Immerse yourself in the world of The Big Knife with our recommended reading, watching and drinking lists!

What to Read

The Noir Forties: The American People from Victory to Cold War by Richard Lingeman

A vivid re-examination of America’s postwar period, that “age of anxiety” characterized by the dissipation of victory dreams, the onset of the Red Scare, and a nascent resistance to the growing Cold War consensus.

The Time is Ripe: The 1940 Journal of Clifford Odets by Clifford Odets

This one-year diary offers insight into Clifford Odets: his ego, his seriousness about art and politics, his appetites for women, conversation and food, his love of Beethoven and other classical music, his coping with his first flop on Broadway and his interactions with Hollywood.

What to Watch

Sweet Smell of Success

The film tells the story of powerful newspaper columnist J.J. Hunsecker who uses his connections to ruin his sister's relationship with a man he deems inappropriate. Co-written by Clifford Odets and Ernest Lehman.

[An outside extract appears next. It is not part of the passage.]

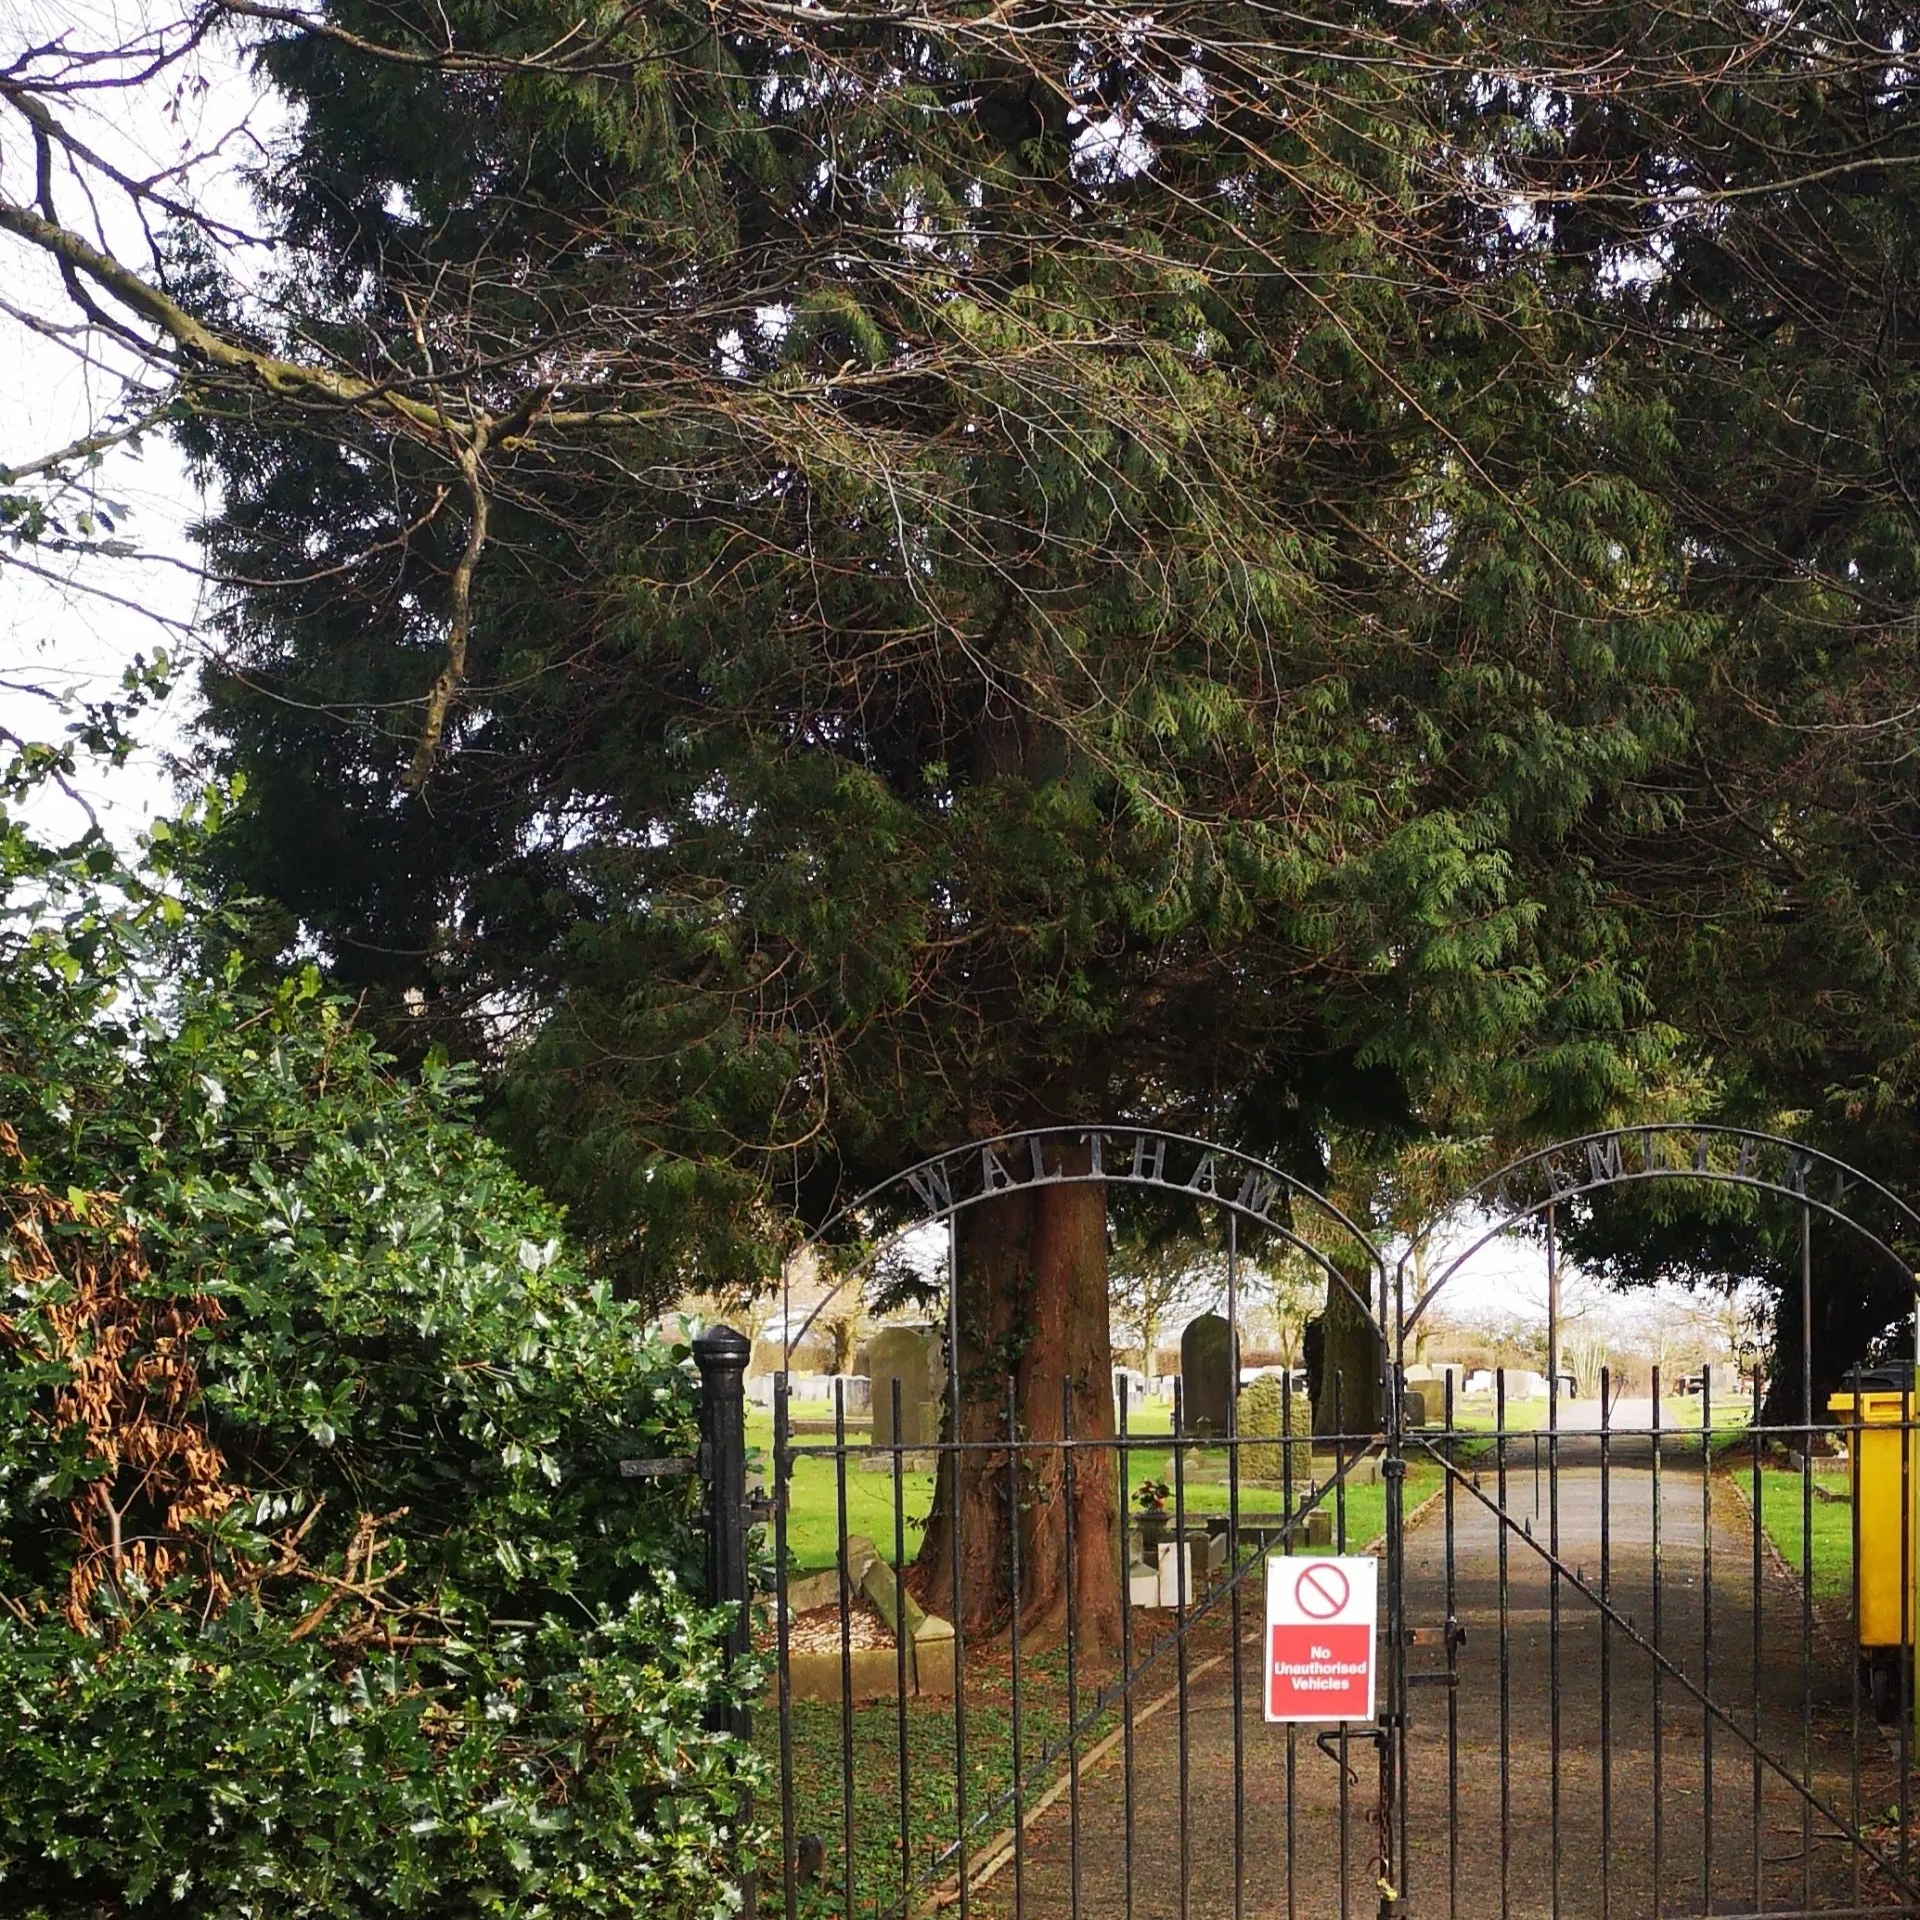 Picture of Waltham Cemetery Entrance

Tony Curtis as Sidney Falco and Burt Lancaster as J. J. Hunsecker in the famous 21 Club Scene.


Out of the Past

A private eye escapes his past to run a gas station in a small town, but his past catches up with him. Now he must return to the big city world of danger, corruption, double crosses and duplicitous dames.

The Petrified Forest

A waitress, a hobo and a bank robber get mixed up at a lonely diner in the desert. Watch the trailer of the 1936 film that starred Leslie Howard, Bette Davis and Humphrey Bogart.

Angels with Dirty Faces

A priest tries to stop a gangster from corrupting a group of street kids.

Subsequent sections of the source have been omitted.